— Карл, — ответил я с тоской.
— Очень приятно, Карл, — кивнула женщина. — А меня Лизавета Ивановна. Лиза.
«Внутри избитого сюжета, — думал я. — Сейчас тетка достанет запотевшую крынку с молоком, а я молоко не люблю, но стану пить с восхищением и вращать головой, постукивая пальцем по крынке, — старинная, наверно, — а на стене большая рамка со стеклом, в которую втиснуто штук сорок фотографий: старушки, усатые солдаты… Глядишь, дойдет и до ухватов, чугунки с кашей, я бы и правда что-нибудь съел».
Деревья шумели, мой приятель петух где-то заорал, это было похоже на закадровую музыку в кино. Не люблю я музыку в кино. Она может загубить самый талантливый фильм. Она усиливает картинку, делает ее понятной до отвращения, она предупреждает, ставит тебя «на старт», «внимание», и ты чувствуешь себя полным идиотом. Или, напротив, путает все и раздражает.

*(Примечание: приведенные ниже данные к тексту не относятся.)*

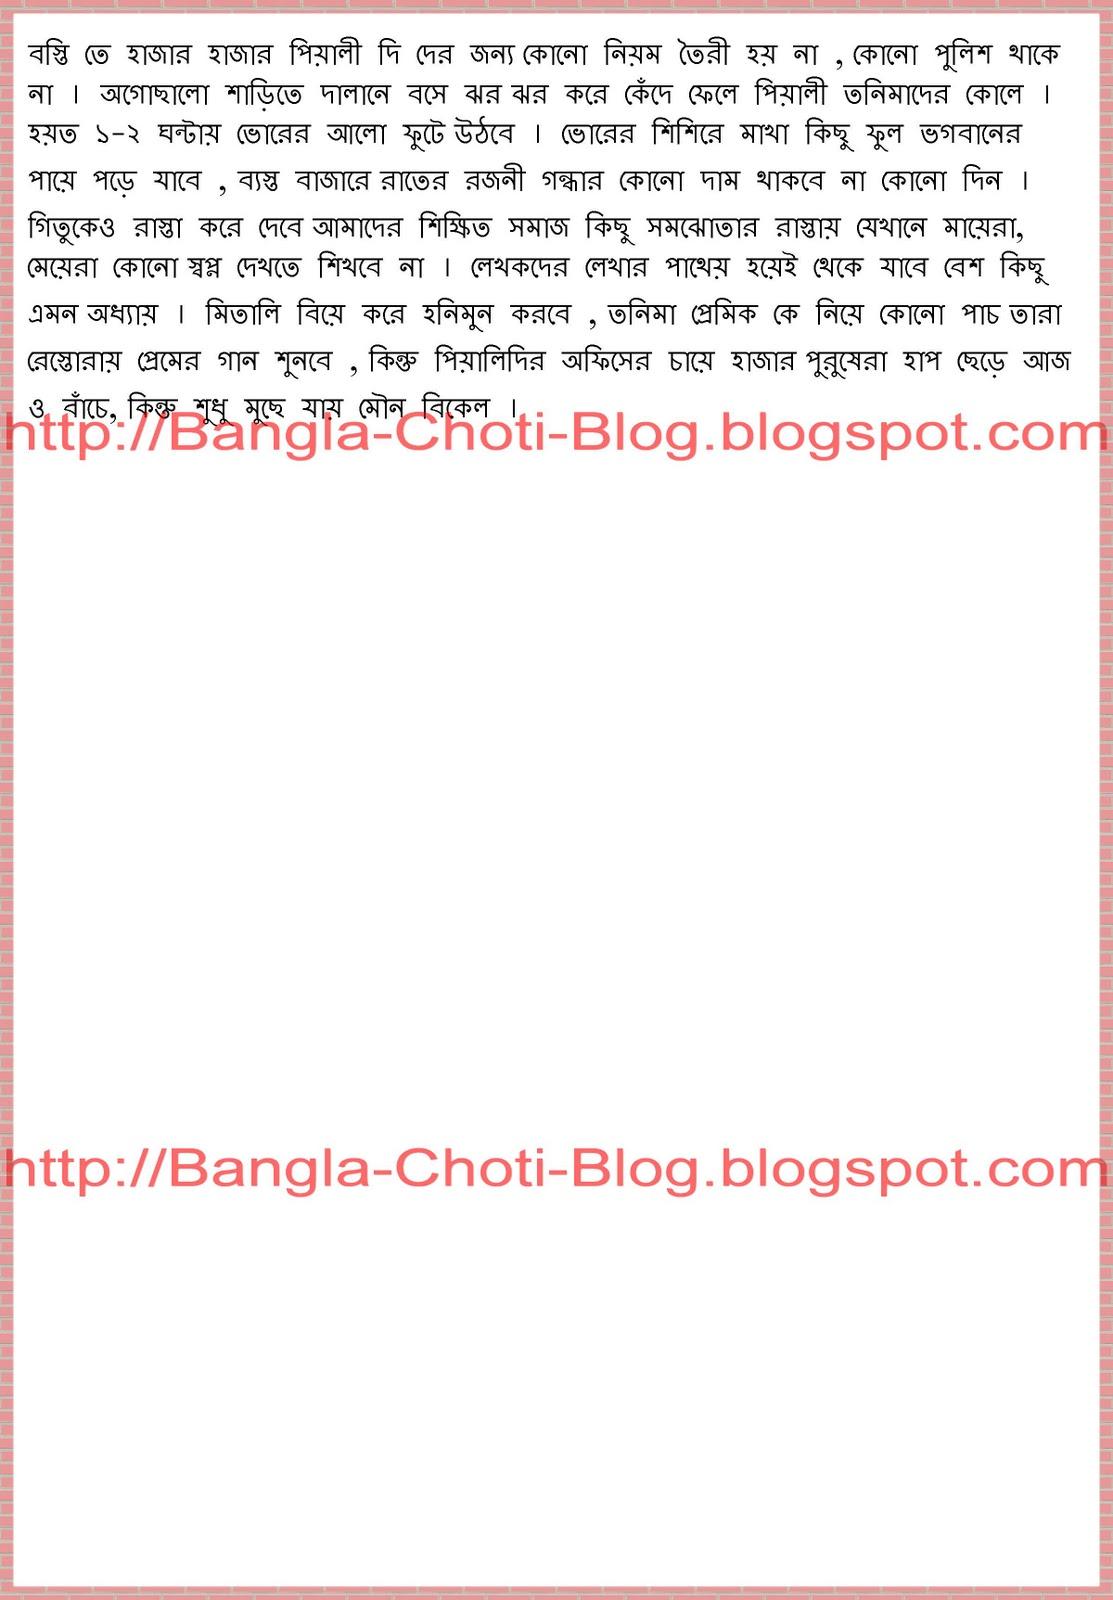 New Bangla Font Choti Golpo Download 2012  Bangladeshi -2863

Мы взошли на высокое крыльцо, женщина что-то говорила, я прослушал и кивнул с улыбкой. Лиза размотала платок, сбросила бушлат и оказалась молодой женщиной лет двадцати семи, в коричневом, довоенном каком-то платье ниже колен. Черные волосы с прямым пробором, яркое пятнышко седины. Пока я оторопело пялился, Лиза доставала чашки, рылась в глубоком темном буфете. Кроме буфета в комнате стоял желтый зеркальный шкаф, швейная машинка «Зингер» на чугунной станине в стиле модерн, софа, застеленная полосатым пледом.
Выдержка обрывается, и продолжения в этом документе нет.